(The data Opens)

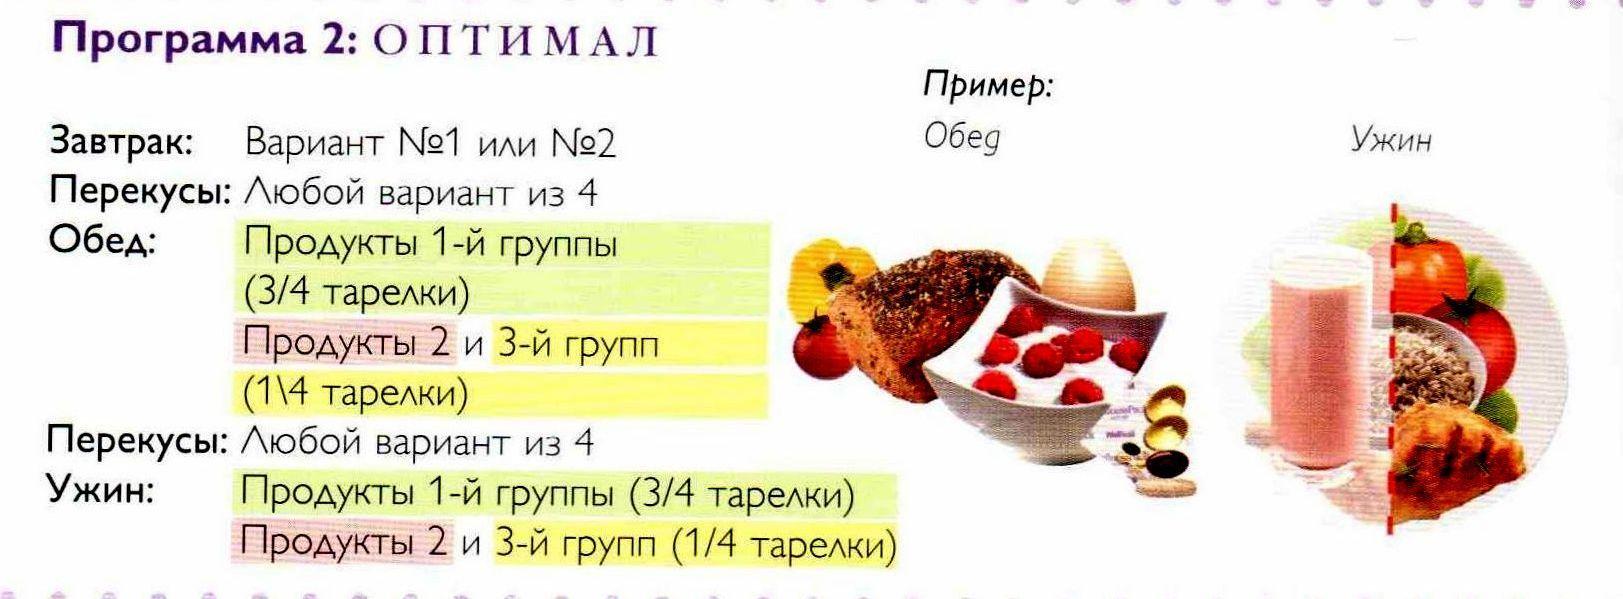 Примерный рацион питания для похудения
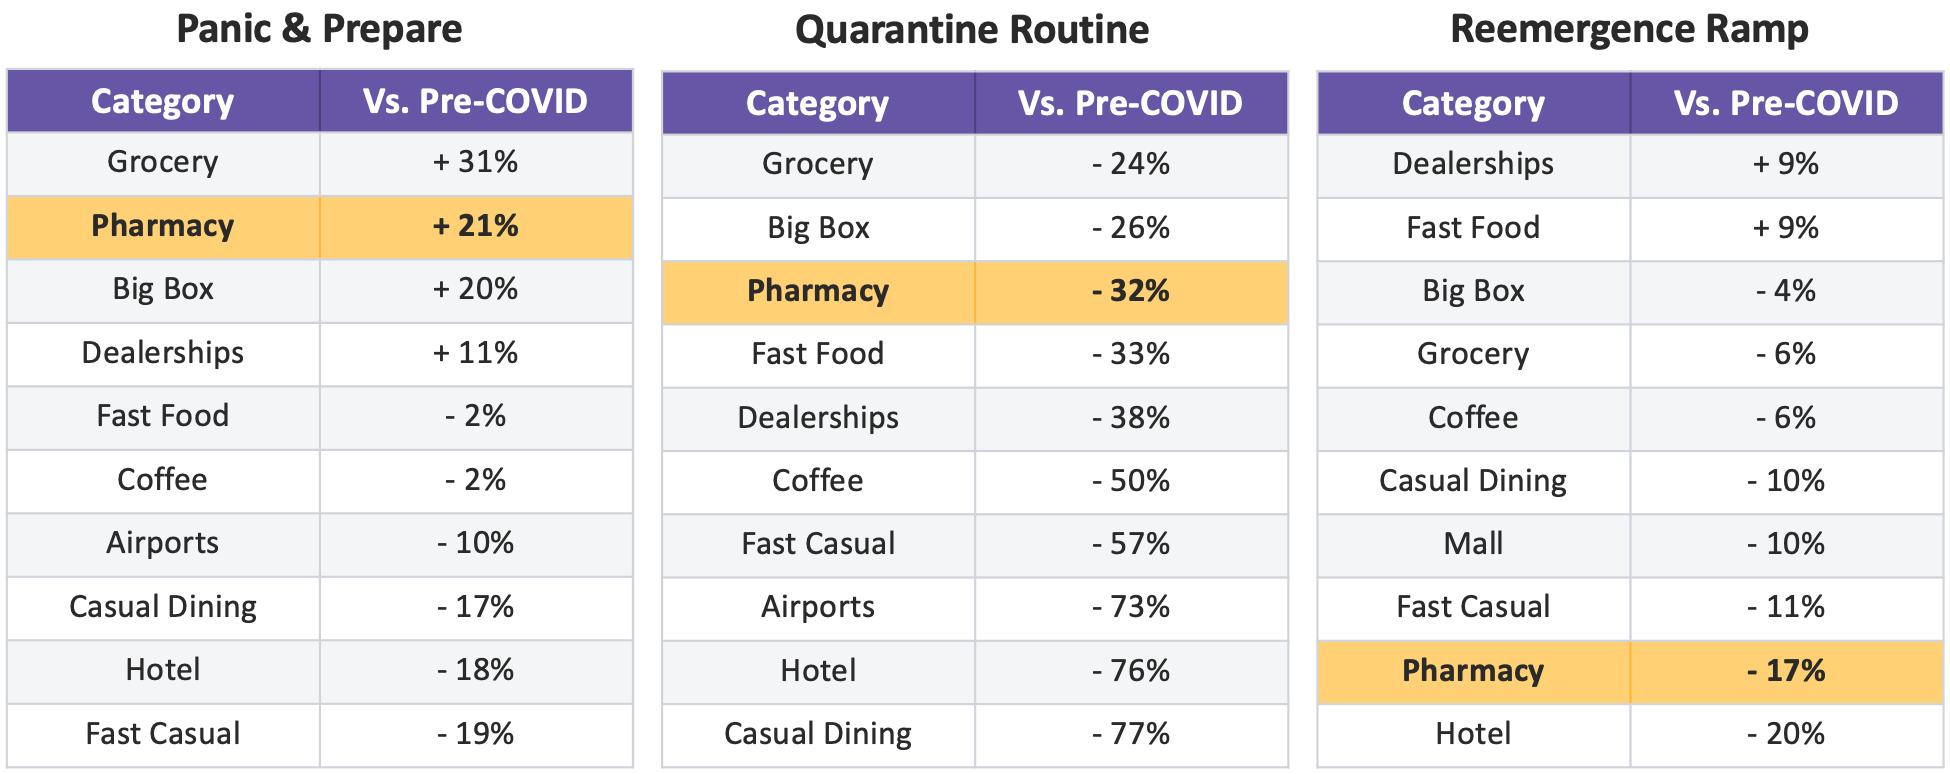 CHARTS: Panic & Prepare, Quarantine Routine, Reemergence Ramp
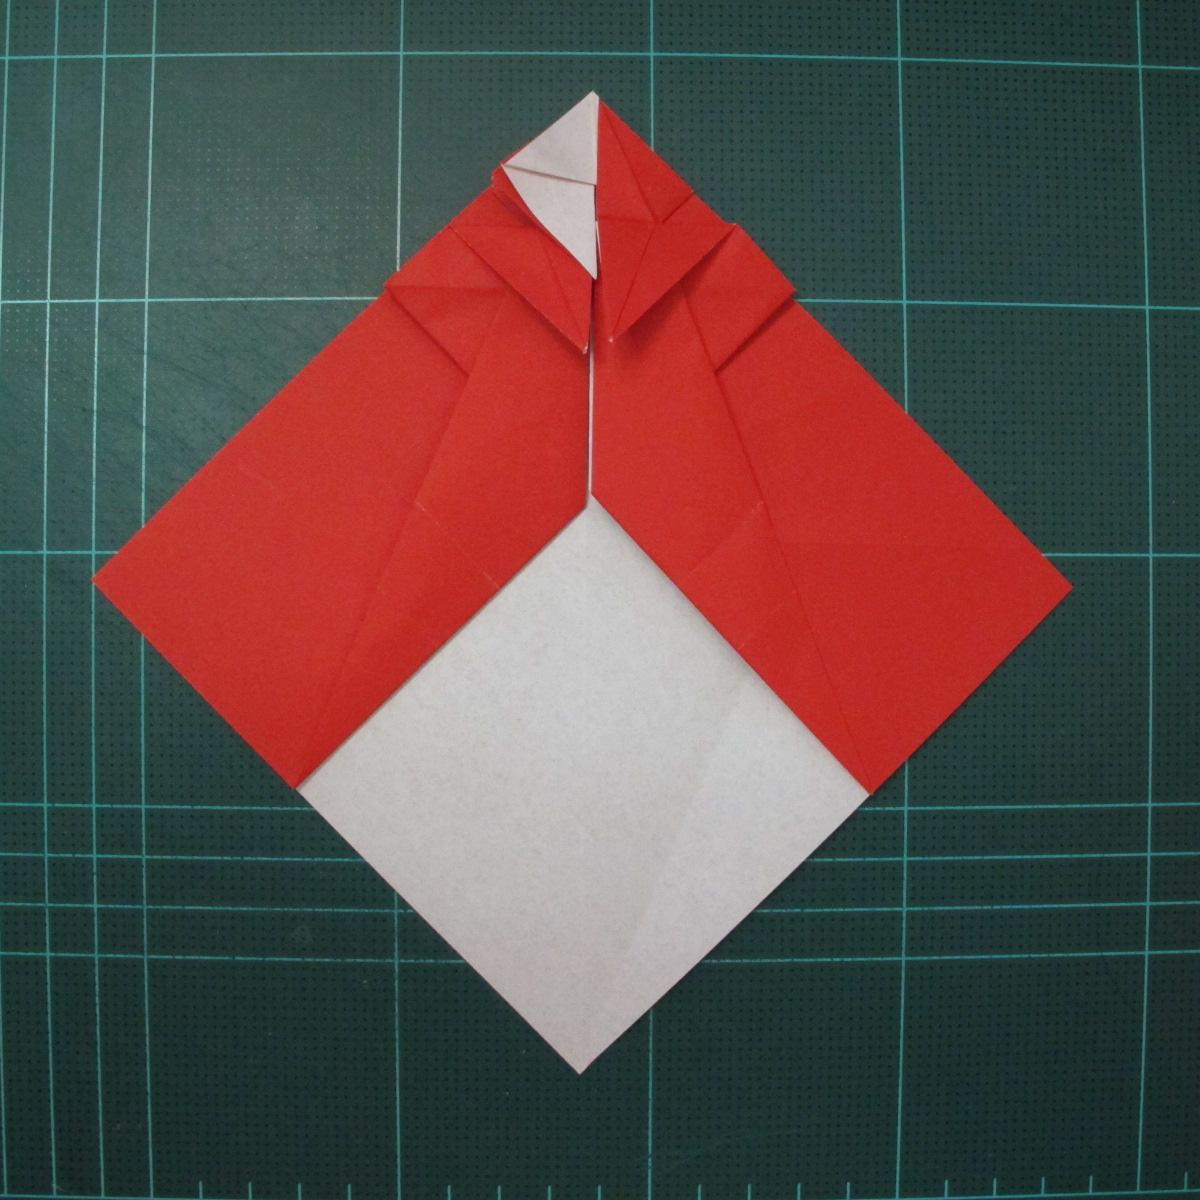 การพับกระดาษเป็นรูปสัตว์ประหลาดก็อตซิล่า (Origami Gozzila) 024
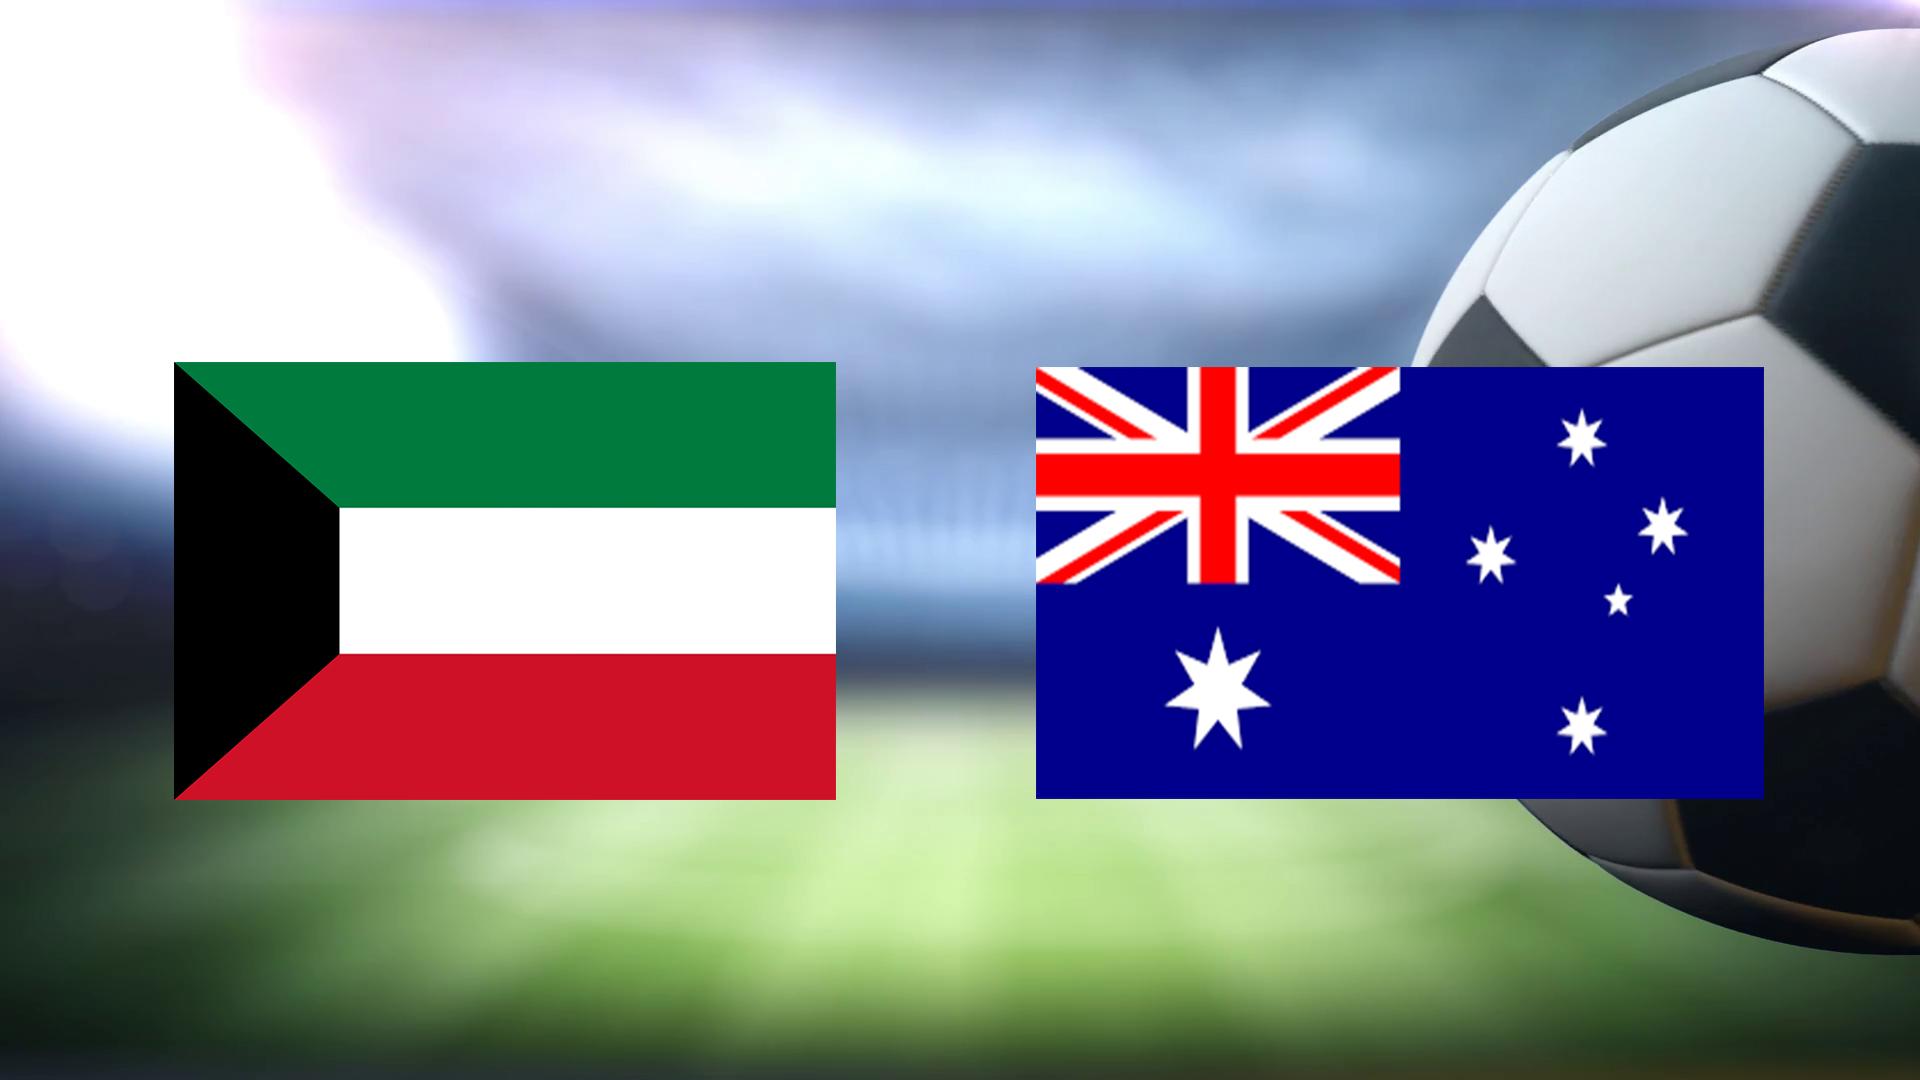 kuwait-vs-uc-tip-bong-da-15-10-2018 1

(The data Closes)

Assignment: What you return should be only the lines from the line with "การพับกระดาษเป็นรูปสัตว์ประหลาดก็อตซิล่า (Origami Gozzila)" through the last line of the listing above, exactly, both ends included, pictures excluded.

Problem solution:
 การพับกระดาษเป็นรูปสัตว์ประหลาดก็อตซิล่า (Origami Gozzila) 024
 kuwait-vs-uc-tip-bong-da-15-10-2018 1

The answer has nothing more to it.